I fly the Boeing-777 for BA,started out as Cabin Crew though and got selected because the Company reckoned i was good enough to Pilot one of their big jets.


----------



## Garry (Feb 25, 2003)

Ibrahombre said:


> I fly the Boeing-777 for BA,started out as Cabin Crew though and got selected because the Company reckoned i was good enough to Pilot one of their big jets.


I'm incredibly jealous......









PG mentioned the flight sims. I've been using these for several years and mainly fly the 737, 767, 777 and enjoy using the Jet Ranger II. I'm used to carrying out full flights from take off to landing following all atc commands, but I've decided that I'd like to try flying for real.

I'd love to be a commercial jet pilot, but I've been led to believe that the cut off age for training for this is 35. I'm now 45, so it maybe too late.

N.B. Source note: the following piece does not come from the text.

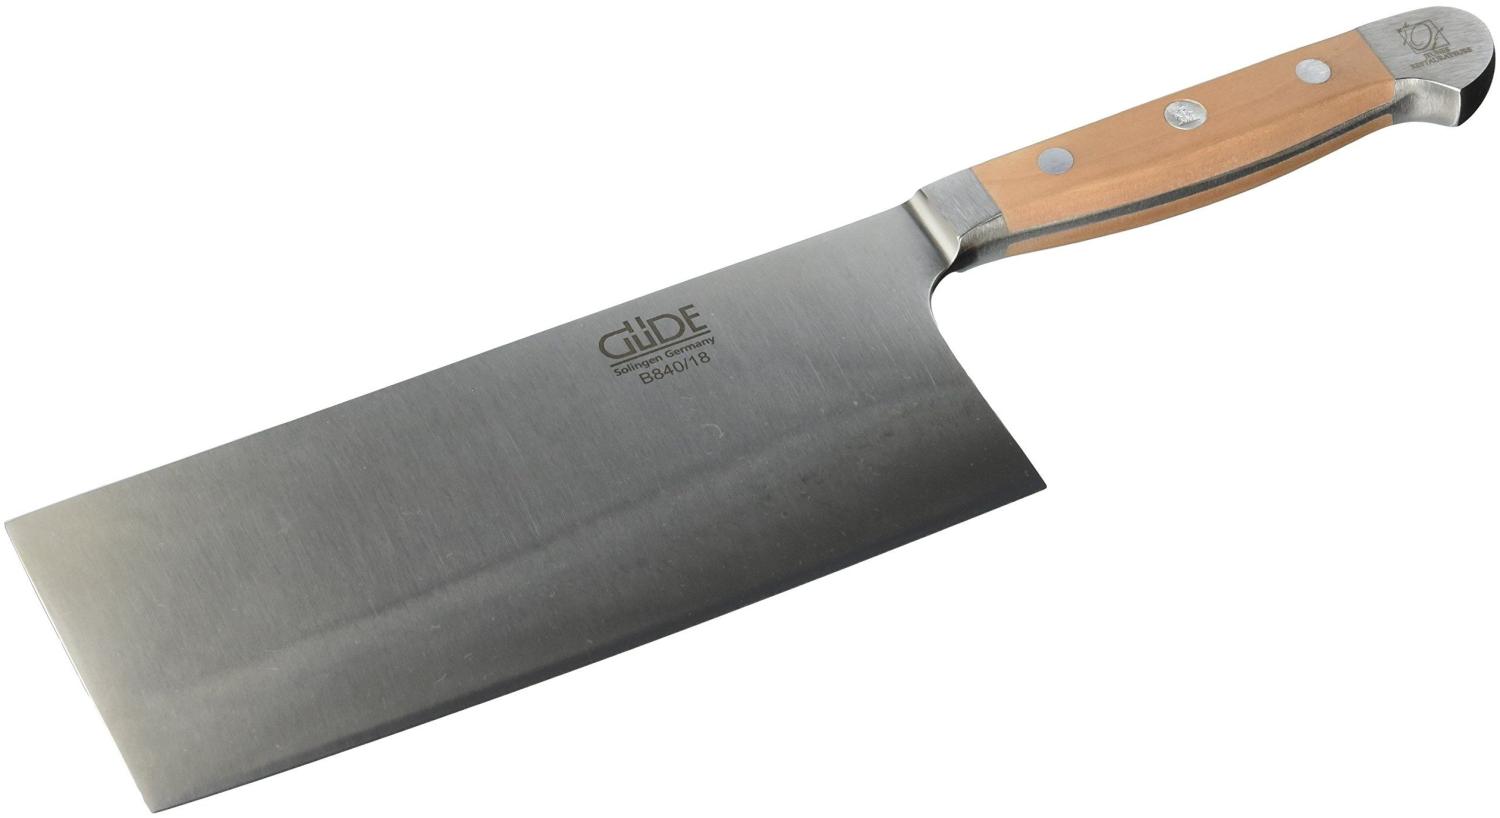 Güde ALPHA-Birne Brotmesser, Hackmesser 18 cm Küchenmesser - Geschmiedet - Solingen, Messer - groß - scharf - hochwertig Bild 1

At the very least I'd like to obtain a ppl for a light aircraft or helicopter. If I could make a living from this, I'd be even happier......


----------



## Ron Jr (Sep 10, 2003)

Bladerunner said:


> Ron Jr said:
> 
> 
> > I used to have my private pilot license many many years ago (IFR). Then after collage I went into the Air Force and flew F-106's Lovely thing flying but very expensive.
> ...


In anouther life time.


----------



## Bladerunner (Jun 4, 2006)

Ron Jr said:


> Bladerunner said:
> 
> 
> > You flew Delta Darts, that's interesting.
> ...


But you will always have the memories Ron, no one can take those away from you.

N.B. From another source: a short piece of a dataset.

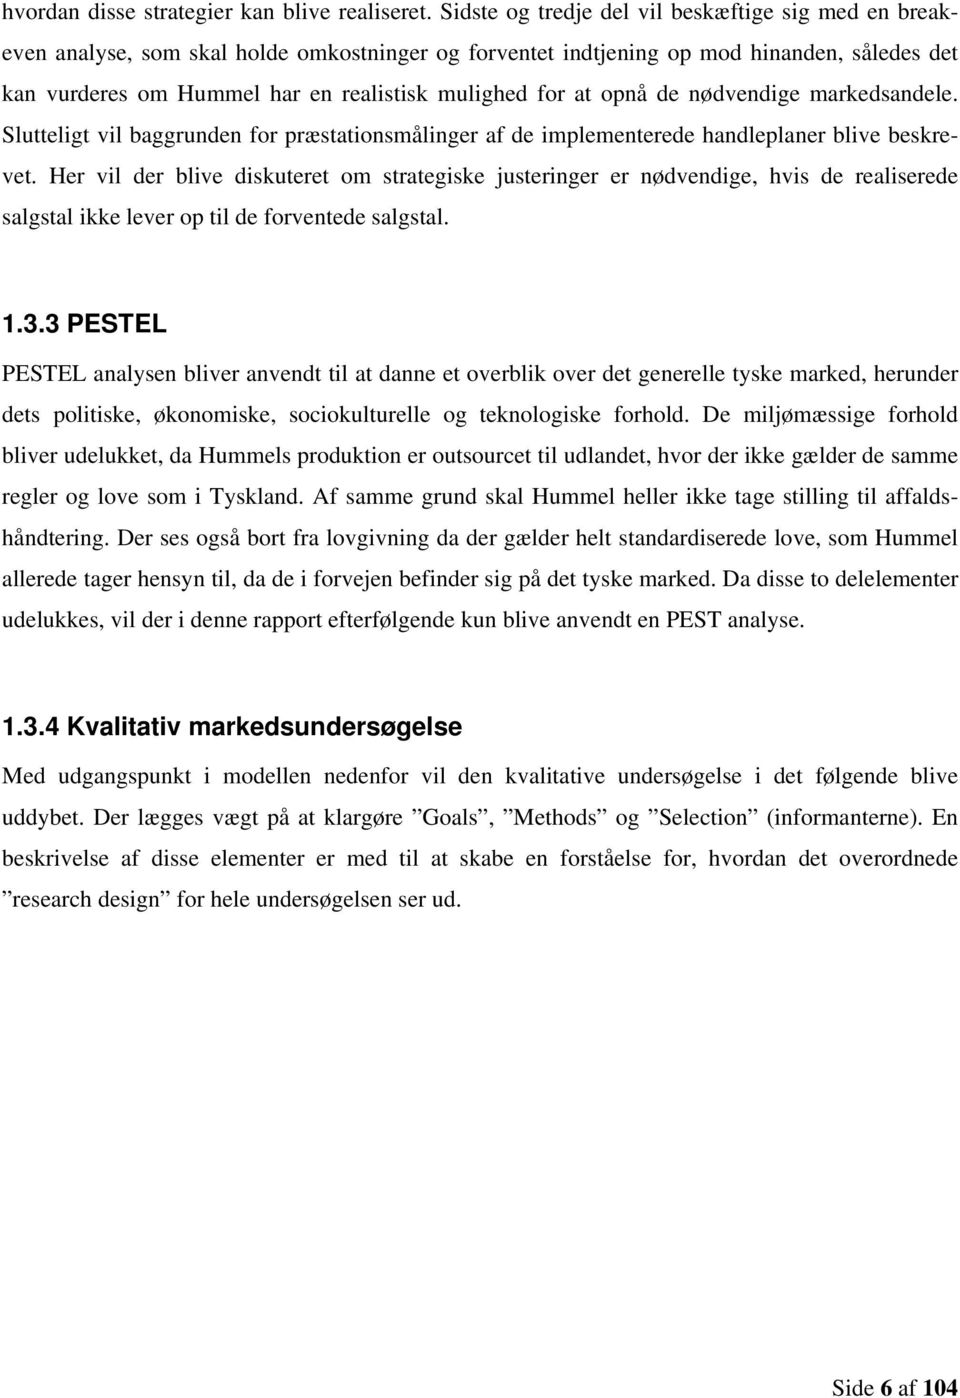 Hummels potentielle på det tyske marked for og -sko - PDF Gratis download

Garry, go for it mate if it's what you really want to do.


----------



## Boxbrownie (Aug 11, 2005)

Just came back from Tokyo on a 777.....first time in one of these.....ONLY TWO ENGINES? Well it made it obviously









One thing I did notice on the JAL website was the quoted distance to Tokyo was about 9,870 miles or something......and the quoted range of the 777........9,500 miles!!!!!! I must say the last 370 miles were very quiet









Nice plane though.....very smooth and quieter than a 747

Best regards David


----------



## marius (Mar 11, 2005)

Boxbrownie said:


> Just came back from Tokyo on a 777.....first time in one of these.....ONLY TWO ENGINES? Well it made it obviously
> 
> 
> 
> ...


Had a brother-in-law who used to fly light aircraft. I remember him listening to the weather reports before flying, and mumbling things like 'if the wind doesn't pick up, or change direction, I'll be fine for fuell..' He hated taking off in Pretoria, 'high altitude screws you, you can never take as much fuel as you really need ..'


----------



## Griff (Feb 23, 2003)

There is landing and there is landing!!!!


----------



## Boxbrownie (Aug 11, 2005)

I have seen them taking off from there and blowing people on the beach into the water







but that time...hells bells I think he trained on a 737 and thrown into the 747 for one trip!









Best regards David


----------



## thorpey69 (Feb 8, 2006)

Jeez,can safely say that would make me soil myself standing there


----------



## mel (Dec 6, 2006)

thorpey69 said:


> Jeez,can safely say that would make me soil myself standing there


Ferkinell! I thought Brucie Willis was going to jump up and catch the undercarriage as it went past for a scene for Die Hard 5.0! That beach should have a sign warning against entry if you are over 5 foot 2


----------



## langtoftlad (Mar 31, 2007)

Griff said:


> There is landing and there is landing!!!!


Nowt wrong with that !

How about these


----------



## langtoftlad (Mar 31, 2007)

Boxbrownie said:


> One thing I did notice on the JAL website was the quoted distance to Tokyo was about 9,870 miles or something......and the quoted range of the 777........9,500 miles!!!!!! I must say the last 370 miles were very quiet


There are miles and then there are miles









Nautical & Statute

Wouldn't like to get them the wrong way around









Thank goodness the prevailing winds were blowing in right direction eh BoxBrownie!


----------



## langtoftlad (Mar 31, 2007)




----------



## jasonm (Nov 22, 2003)

Fek!!


----------



## PhilM (Nov 5, 2004)

Pilots earn their money in my eyes


----------